Два пути к Чуждому: Метафизика Дэвида Линдсея и Андрея Платонова

Глава 1: Прозрачное окно в невозможный мир. Метод Дэвида Линдсея

В огромном, сумеречном пантеоне литературы, которую принято называть «странной прозой», существует немного авторов, чье творчество, будучи столь разительно непохожим по форме, приводило бы к столь поразительно схожему эффекту, как у шотландского мистика-затворника Дэвида Линдсея и русского гения, прошедшего сквозь горнило революции, Андрея Платонова. Оба они — непревзойденные мастера создания ощущения фундаментальной, онтологической «неправильности» бытия, глубокого, экзистенциального отчуждения человека от вселенной, которая не просто враждебна, но, что гораздо страшнее, абсолютно безразлична. Но если попытаться понять, как они достигают этого, мы обнаружим два противоположных, но равно гениальных метода. Линдсей строит абсолютно чуждые, немыслимые миры, описывая их кристально чистым, почти классическим языком. Платонов же, напротив, берет наш, до боли знакомый, истерзанный историей мир, и описывает его таким сломанным, вывихнутым, больным языком, что сама реальность начинает казаться чужой и кошмарной.

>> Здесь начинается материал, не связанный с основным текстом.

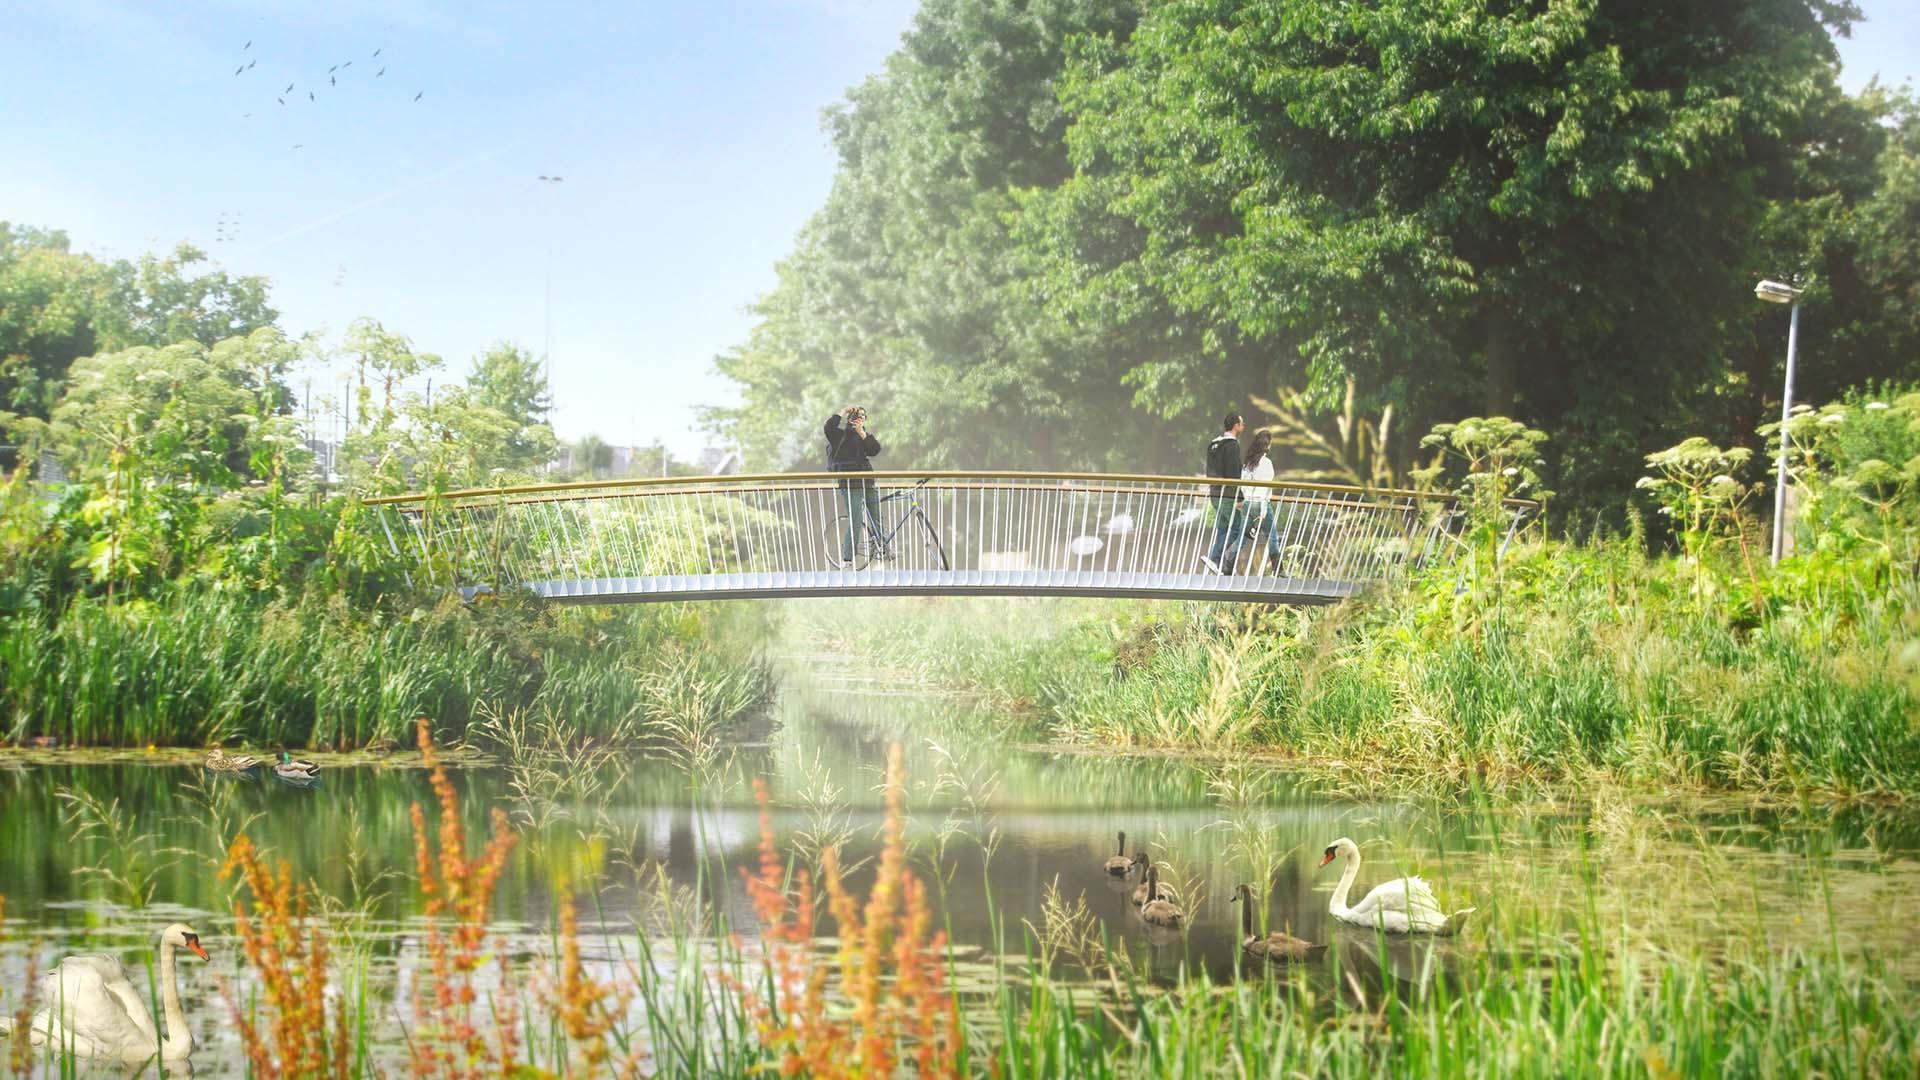 fiets en voetgangersbrug Den Bosch, bruggen in park, brugontwerp door ipv Delft
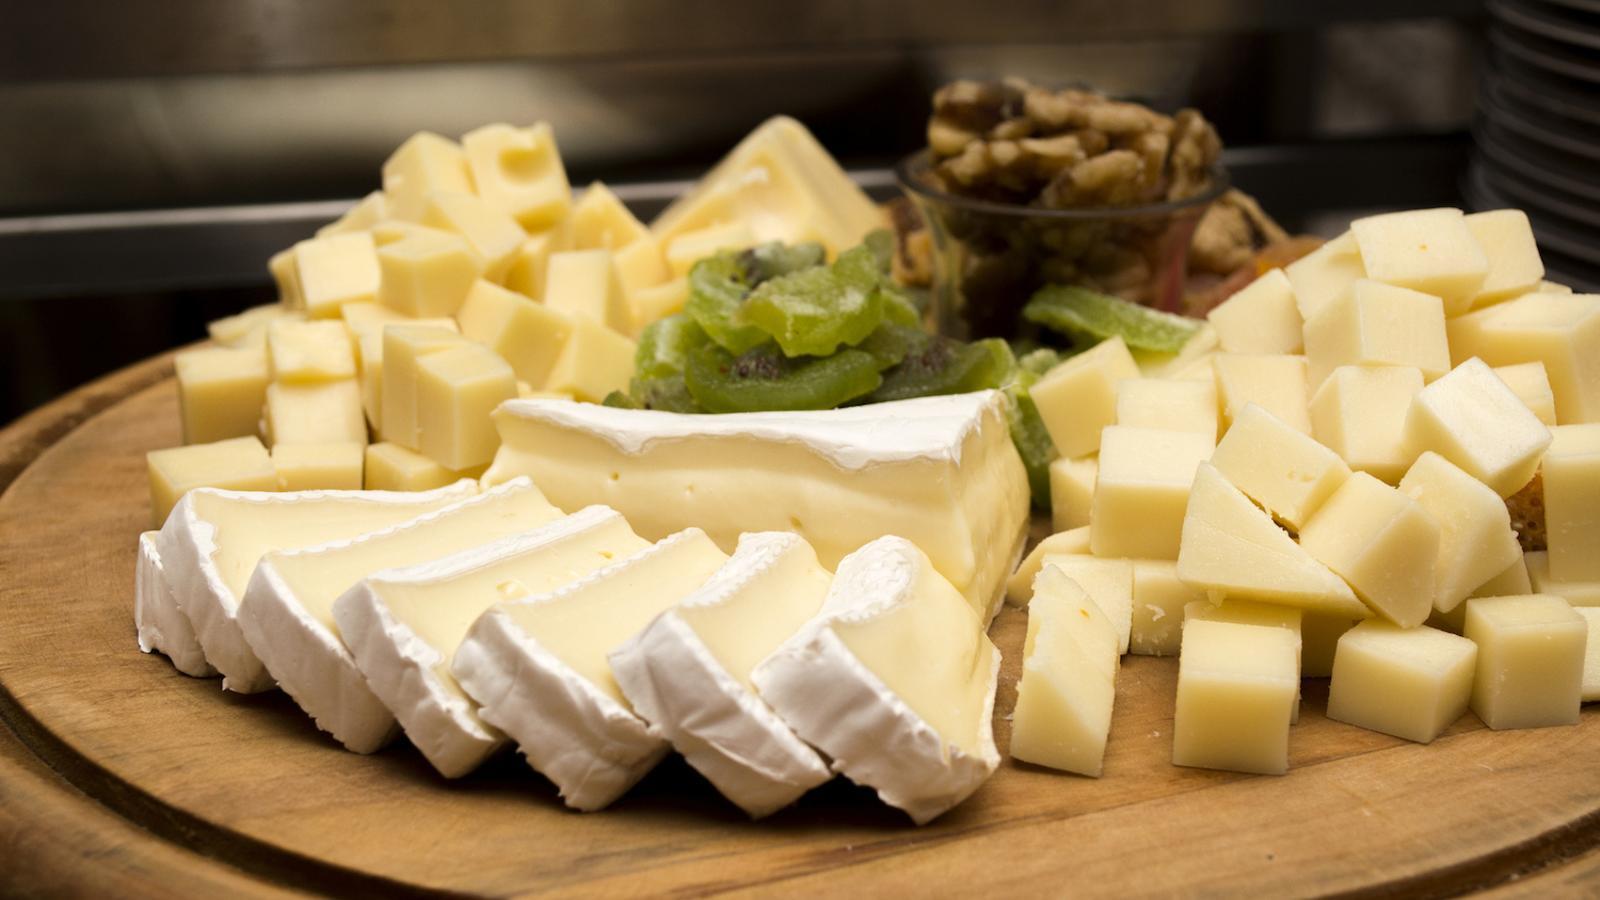 Qui no se sent culpable si menja massa formatge?

Чтобы понять суть метода Дэвида Линдсея (1876–1945), необходимо сперва понять человека, стоявшего за ним. Линдсей был фигурой трагически несовременной. Получив строгое кальвинистское воспитание, он всю жизнь проработал страховым брокером в «Ллойде», презирая свою работу, но не имея возможности ее оставить. Лишь в сорок лет, после службы в армии во время Первой мировой войны, он смог, наконец, уйти в отставку и посвятить себя литературе. Он был человеком глубоко религиозным, но его вера была верой гностика, мистика, вечно ищущего скрытую, подлинную реальность за обманчивой, материальной оболочкой мира. Он жил в уединении, в маленьком домике в Корнуолле, и его книги, почти не замеченные современниками, были, по сути, не романами, а философскими трактатами, облеченными в причудливую, фантастическую форму.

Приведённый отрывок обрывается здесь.